Estimate how many FPS your PC will run in the most popular games based on your graphics card, processor, resolution and graphics quality. Pick your hardware and we give you a per-game guide to know if it'll run smoothly before buying or tweaking settings.
Rough estimate from a relative-performance model (GPU/CPU index + game weight). Real FPS vary with drivers, scene, RAM and your exact settings — treat it as guidance, not an exact number.
We don't benchmark your machine: we use a relative-performance model. Each GPU gets an index against a reference card, each CPU a ceiling of FPS it can feed, and each game a “weight” based on how demanding it is at 1080p on high settings. With that, plus resolution and preset multipliers, we compute a ballpark number.
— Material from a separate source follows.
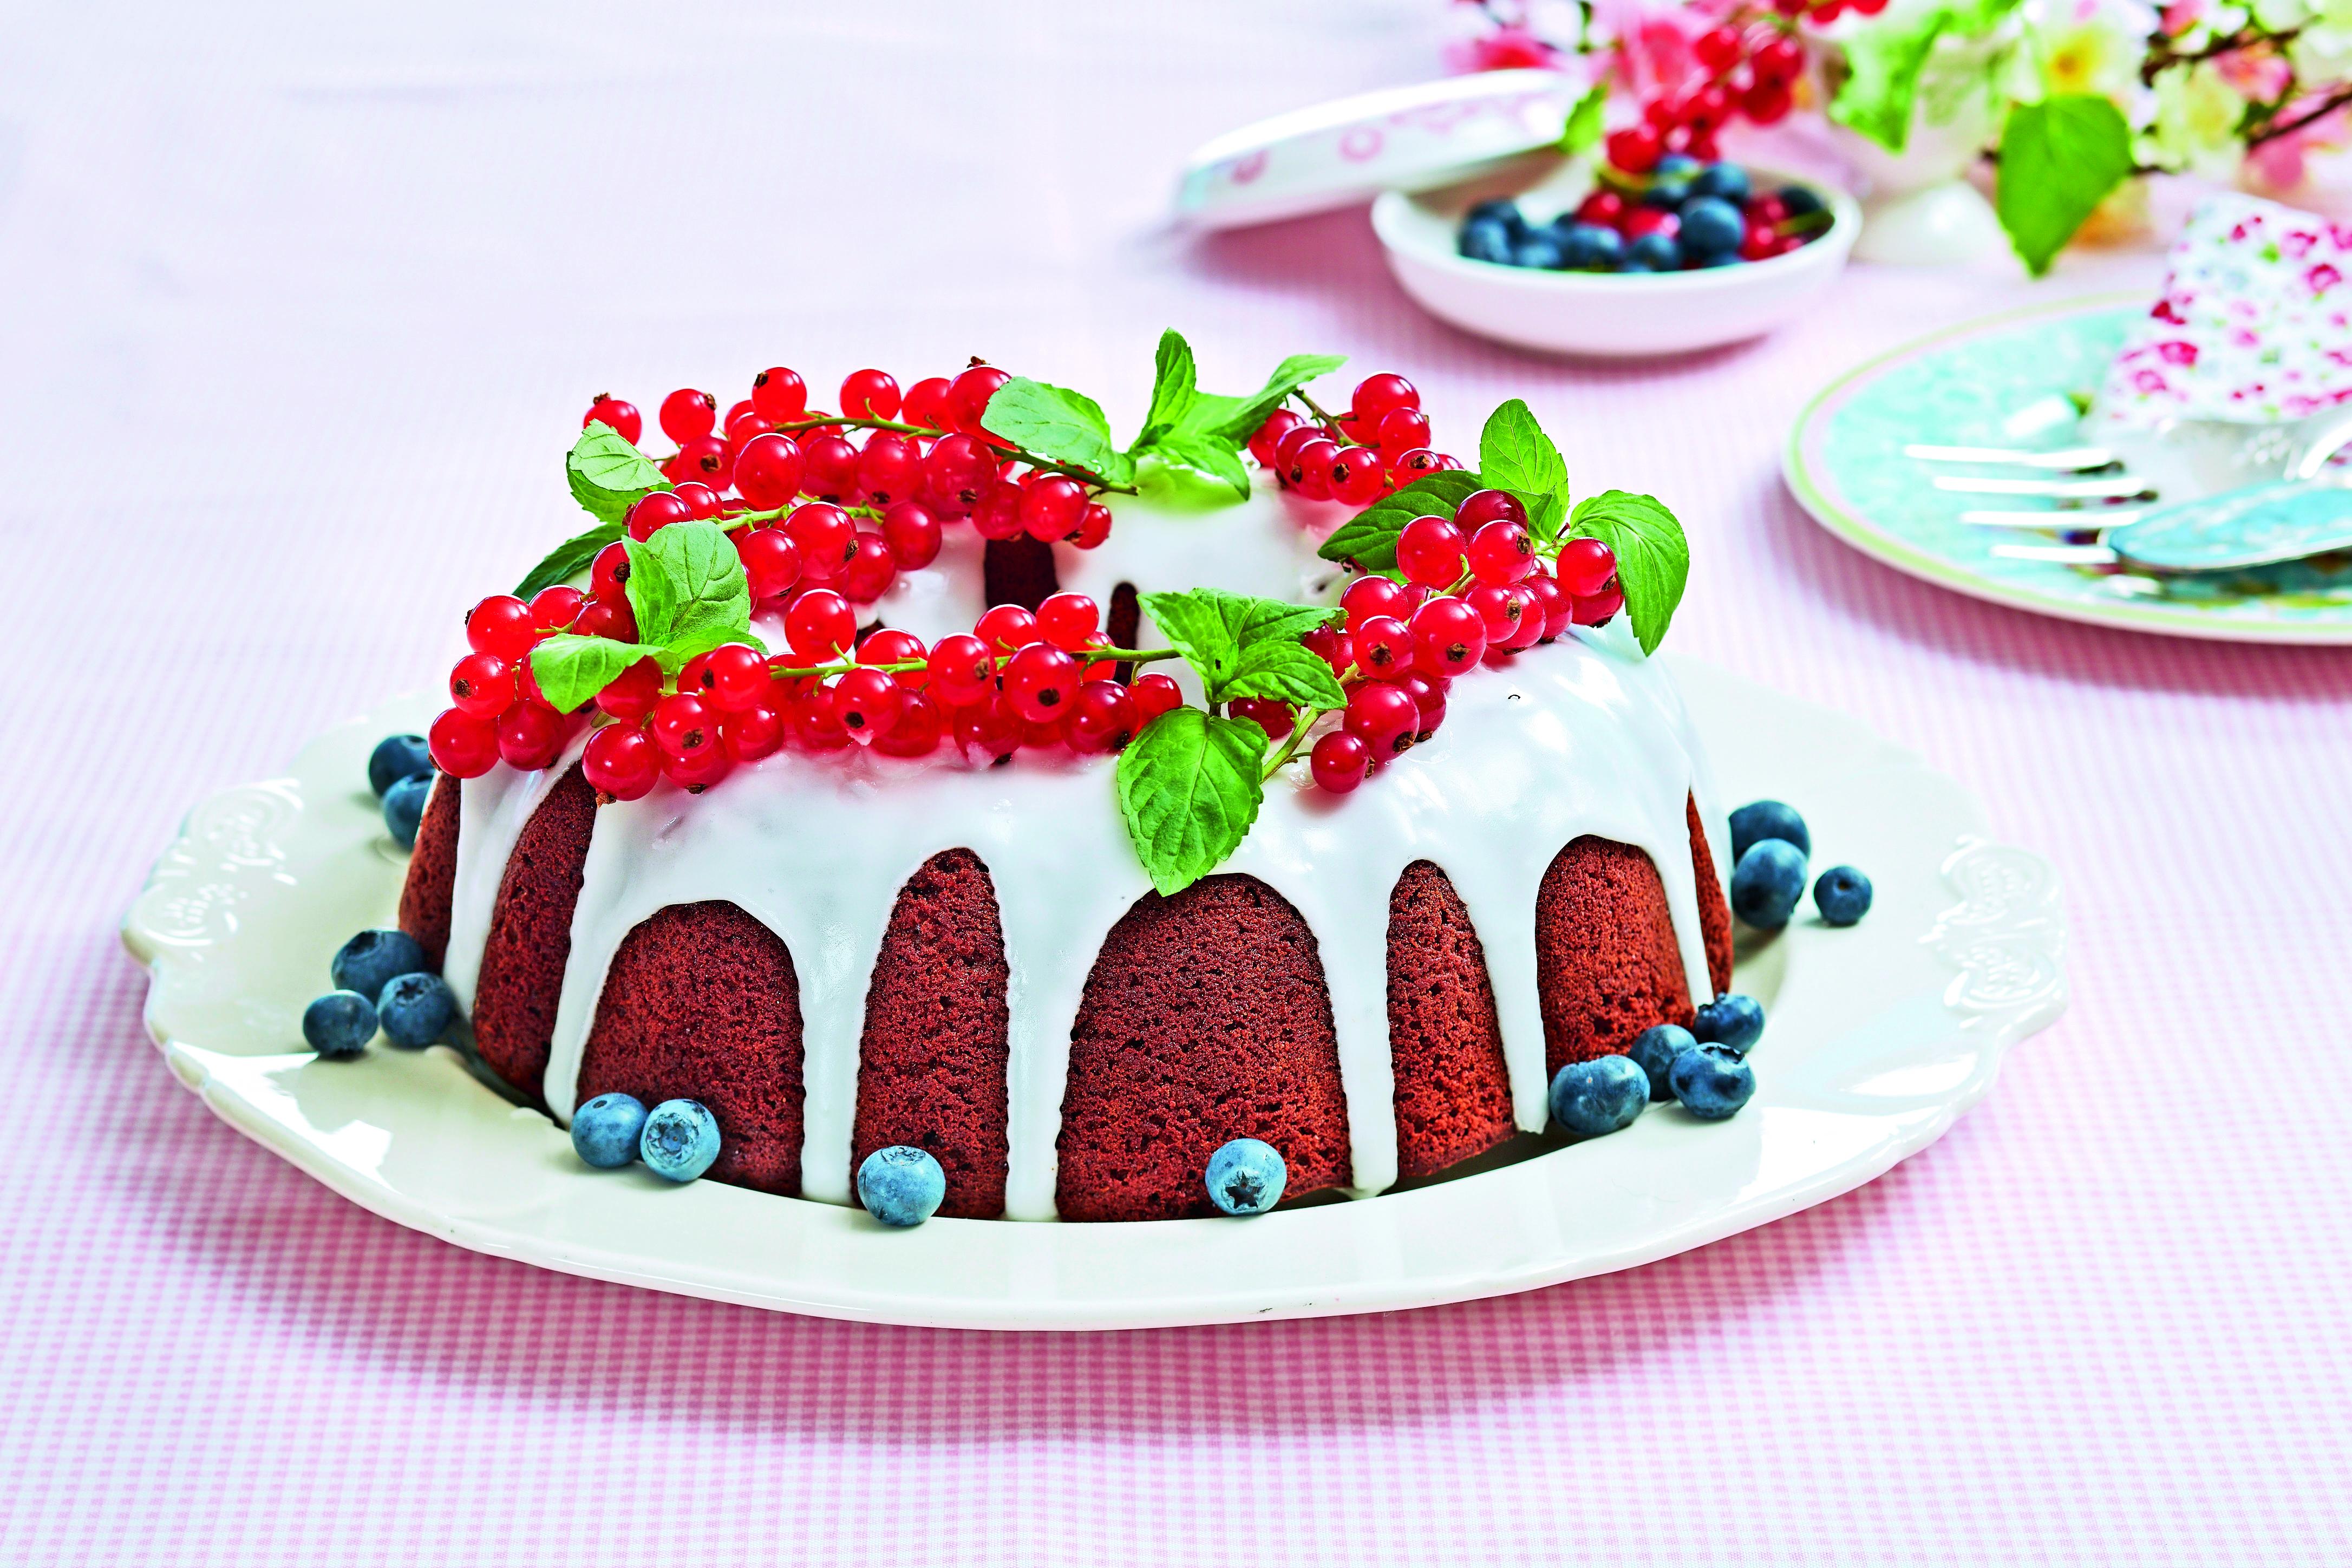 sjokolade-kake-randform

It's approximate on purpose: real FPS depend on drivers, RAM, the exact scene and your settings.
For competitive shooters (Valorant, CS2, Apex) more is better: a stable 144+ FPS makes the most of a 144 Hz monitor and sharpens duels. For campaign or single-player games, a stable 60 FPS already feels smooth and many prioritize graphics quality instead. Below 30 FPS feels choppy. Rule of thumb: match (or beat) your FPS to your monitor's refresh rate.
Before spending: lower shadow and effects quality (the biggest hogs), turn on upscaling (DLSS/FSR/XeSS) if your GPU supports it, close background apps, update drivers and enable low-latency mode. Our guides have the step-by-step to optimize Windows, the NVIDIA/AMD panel and per-game settings.
Are these FPS accurate?
No, they're a ballpark estimate. They're based on a relative-performance model, not a benchmark of your exact machine. Use them to get an idea (will it run smoothly?), not as an FPS-exact promise.
Why do CPU and resolution matter?
At low resolutions (1080p) and in esports titles the CPU often rules: it caps FPS even if the GPU could do more. At 1440p and 4K the GPU rules. That's why the calculator combines both and adjusts by resolution.
Does it include DLSS or FSR?
The estimate is at native resolution, no upscaling. Turning on DLSS/FSR/XeSS can raise FPS a lot (especially at 1440p and 4K), so in practice you might see more than shown here.
I can't find my exact GPU or CPU.
We include the most popular cards and processors. If yours isn't listed, pick the closest one in power for a nearby reference.